OvB: Yes, independent bookselling is its own peculiar form of diplomacy. The roles of various cultural mediums do change. Newspapers of today are barely related to those of my time, for example, but making strong connections to the community is always a work in progress for those engaged in it, regardless of the instruments they use.
KB: Thank you for your insight, Otto.
OVB: My pleasure.
Thoughts of two very different approaches to this situation have been roiling about in my mind for some time now, as I dearly want my customers to be able to easily search for and order any title online. Special orders, at present taken by phone and in person, account for nearly 10% of my annual sales and could go up significantly if the process were more convenient. I simply can’t make the numbers work with Indie Commerce, however; tried it for a year and it cost me money instead of making me money.

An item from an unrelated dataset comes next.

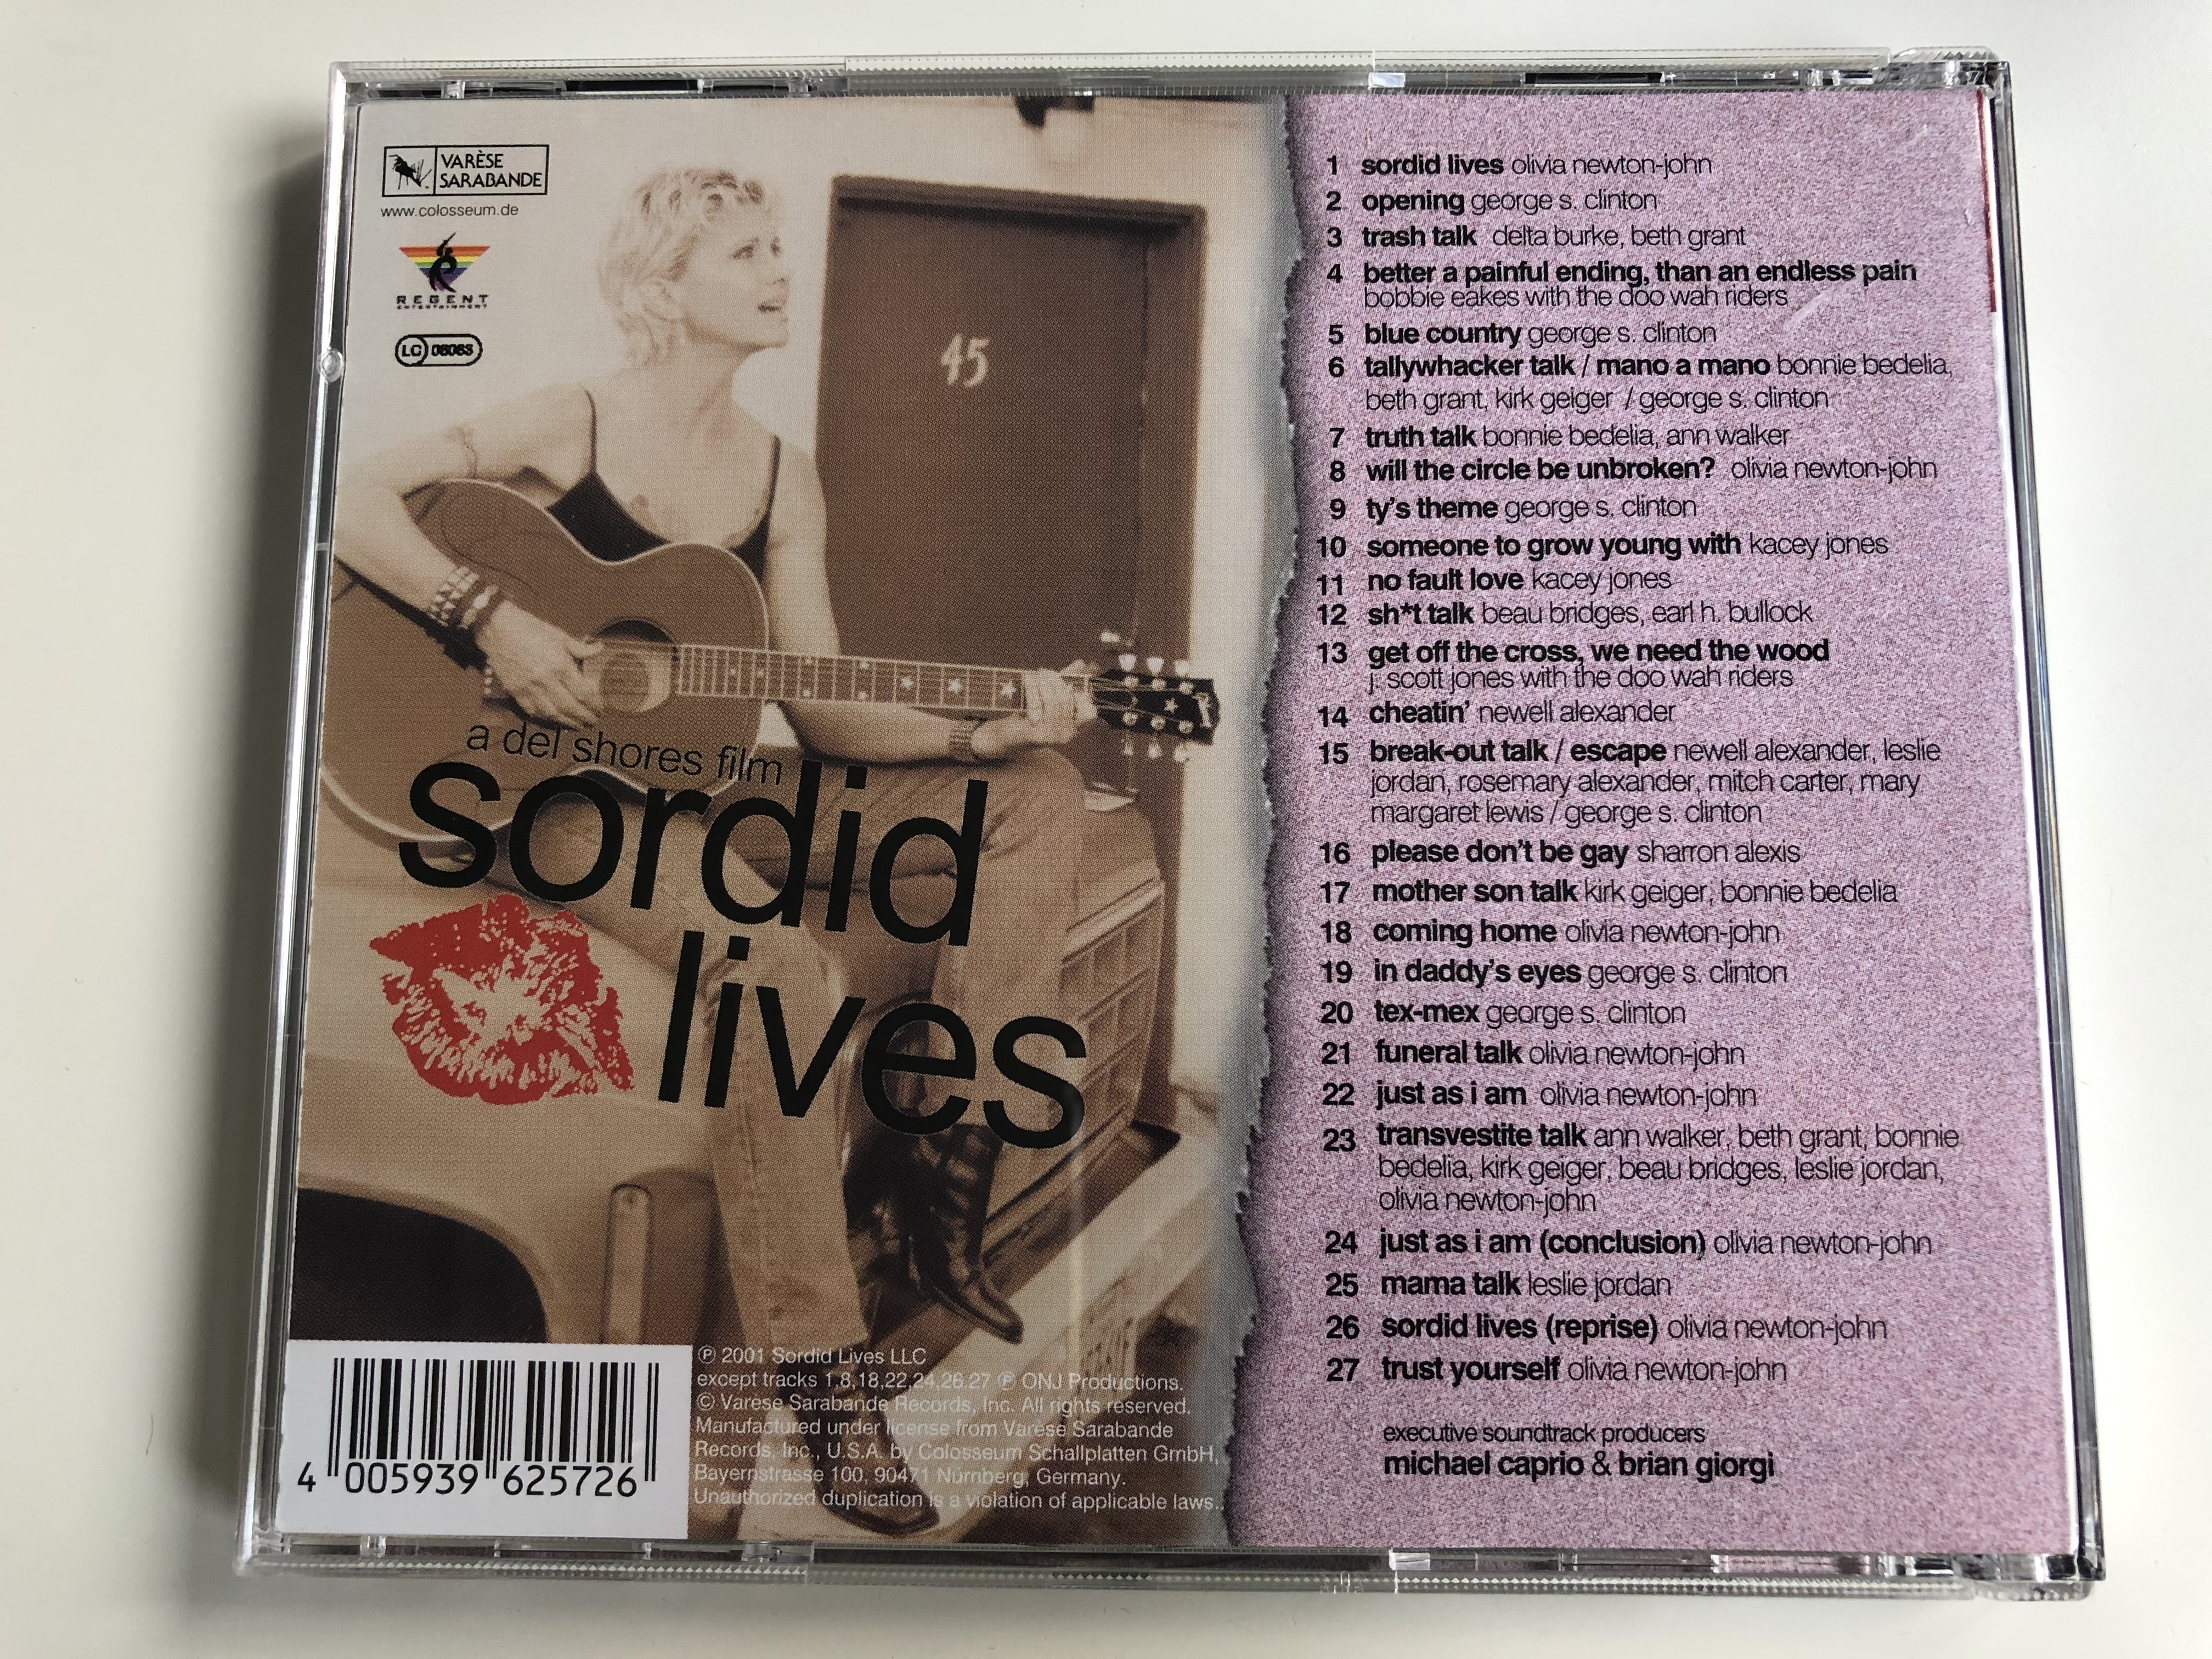 sordid-lives-original-motion-picture-soundtrack-var-se-sarabande-audio-cd-2001-vsd-6257-6-.jpg
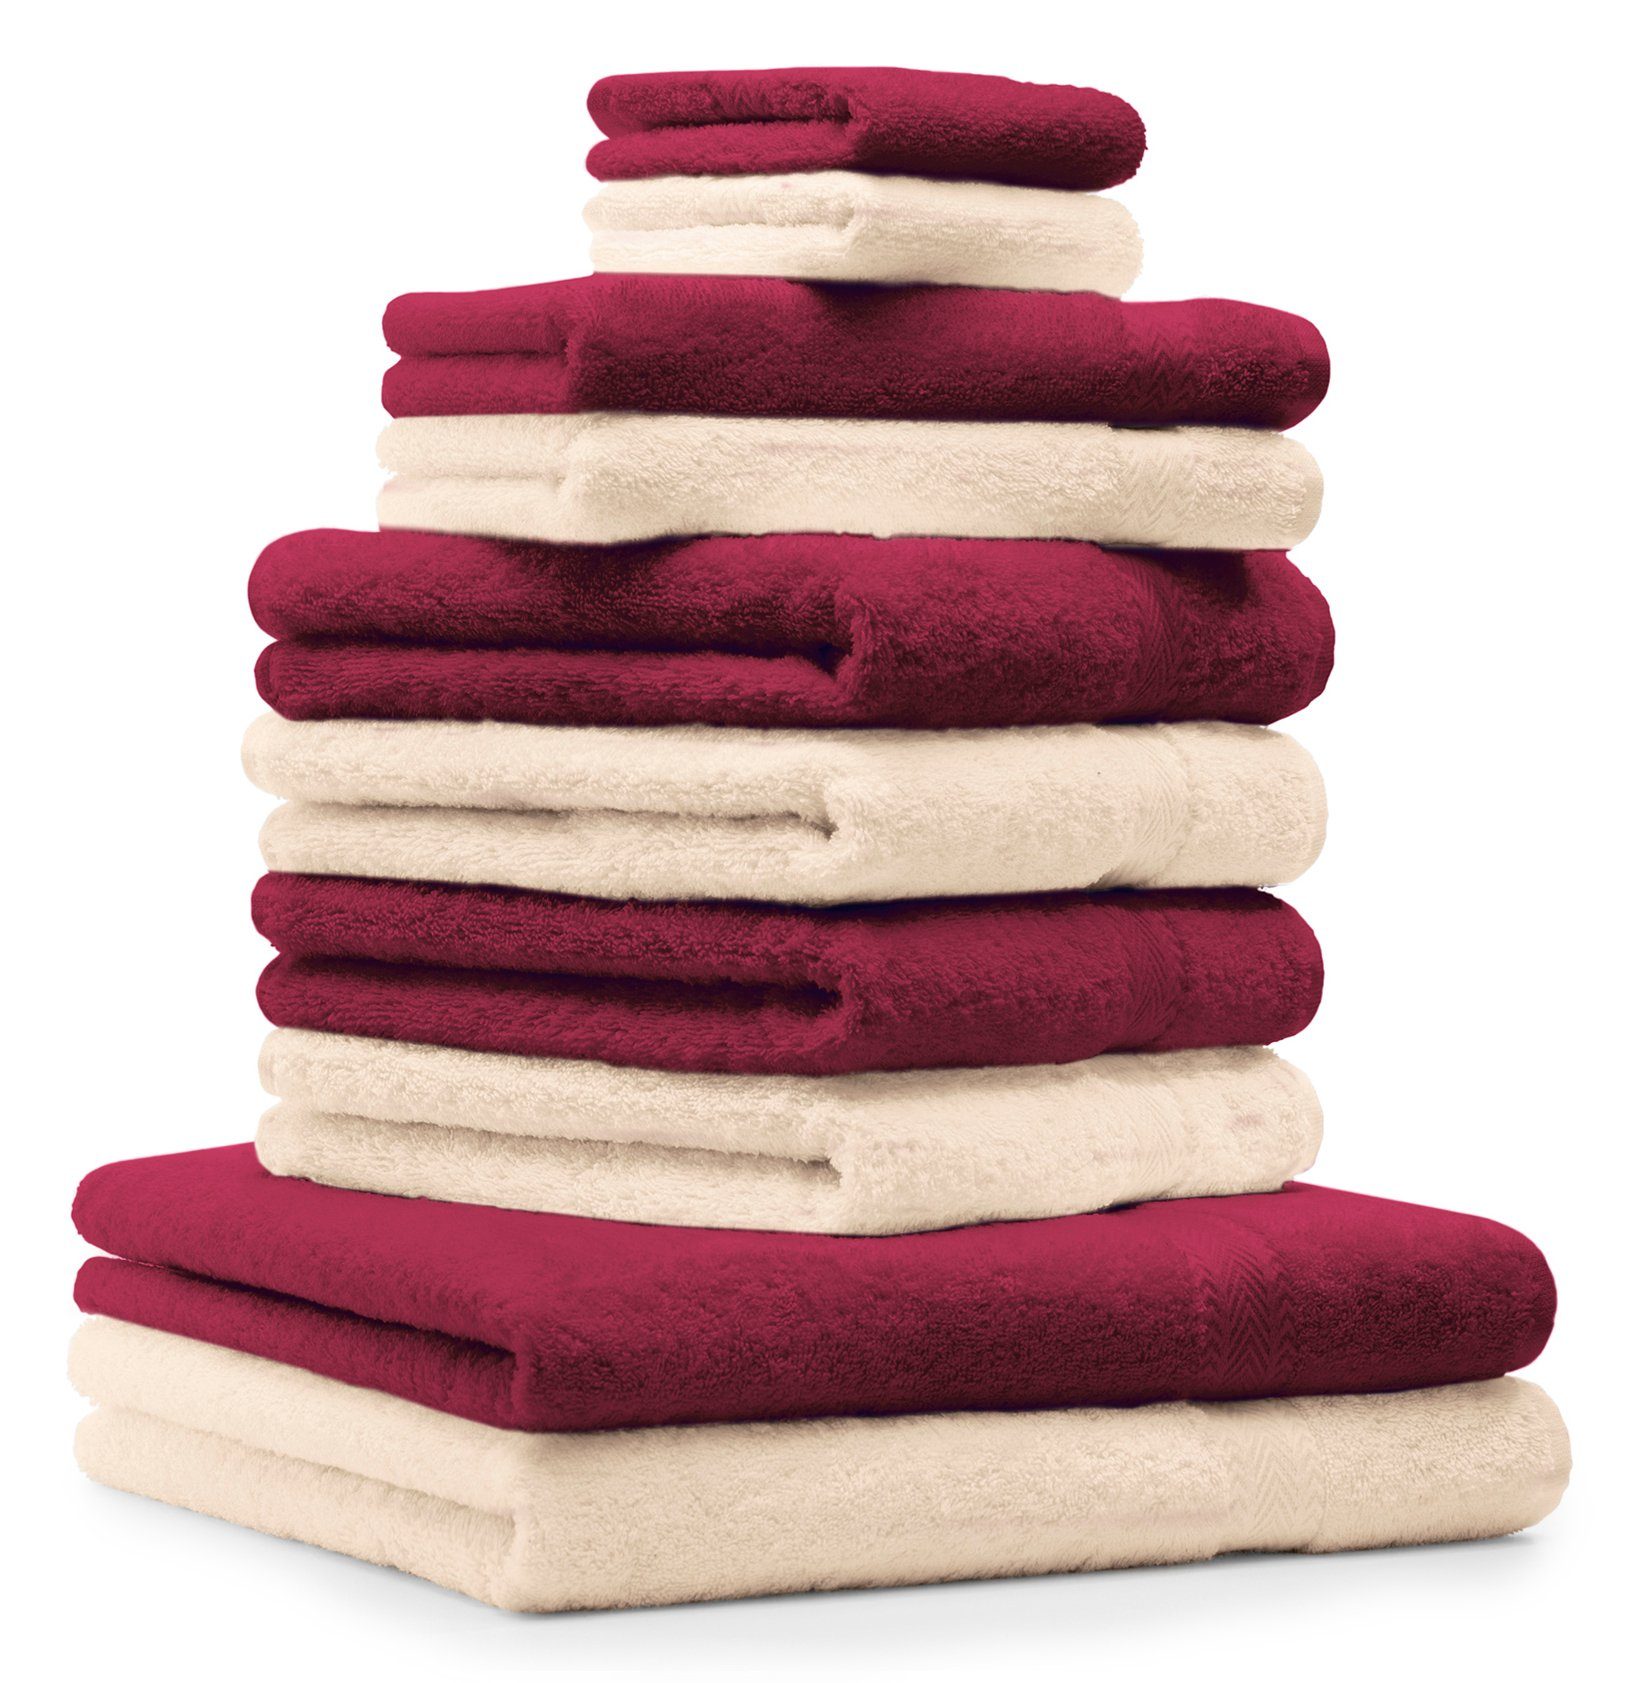 Betz Handtuch Set 10-tlg. Handtuch-Set Premium Farbe Dunkelrot & Beige, 100% Baumwolle, (Set, 10-tlg)

One approach would be to entice major publishers to put the resources being used to market directly to consumers on their individual websites into helping ABA build a better e-commerce platform. Hard numbers show that both for actual sales and, sadly, for our “showroom” value, brick and mortar bookstores are good for a publisher’s bottom line. And, let’s face it, what reader out there ever says, “I think I’ll browse what’s new from Publisher X this week”? People don’t shop by publisher. They just don’t.
Another approach would be to forgo the whole idea of going to one collective site to search for a participating bookstore. What if ABA could (perhaps with the help of subsidies from publishers or some other clever solution) come to an agreement with Ingram to let each member bookstore access (at an affordable rate) the Ingram database with whatever website provider/host the bookstore chooses?
Nowadays, unlike at the launch of ABA’s e-commerce initiative, websites are so cheap and so easy to put together that it’s really not necessary for ABA to put the resources into designing and redesigning templates, adding and refining bells and whistles. Want a wish list or event calendar? There’s a (free to very inexpensive) widget for that. What we need from our partners at ABA and Ingram, in my humble opinion, is merely access to the book titles and ordering. Perhaps even a consumer-facing landing page similar to what Baker and Taylor offers through their bookstore e-commerce program?
Those are my two cents. Thank you for addressing it here, Kenny (and Chancellor). It’s a complex situation, to be sure, but one that we need to address soon and with a clearer vision of what exactly our needs are and what (all) our options are.
Leslie H.
Spellbound Children’s Bookshop
Great response Leslie. We go to talks at conferences on decision making, on the importance of avoiding “yes or no” “should or shouldn’t” scenarios but it is so easy to fall into. Something needs to be done of course, but the what element does indeed deserves broad consideration.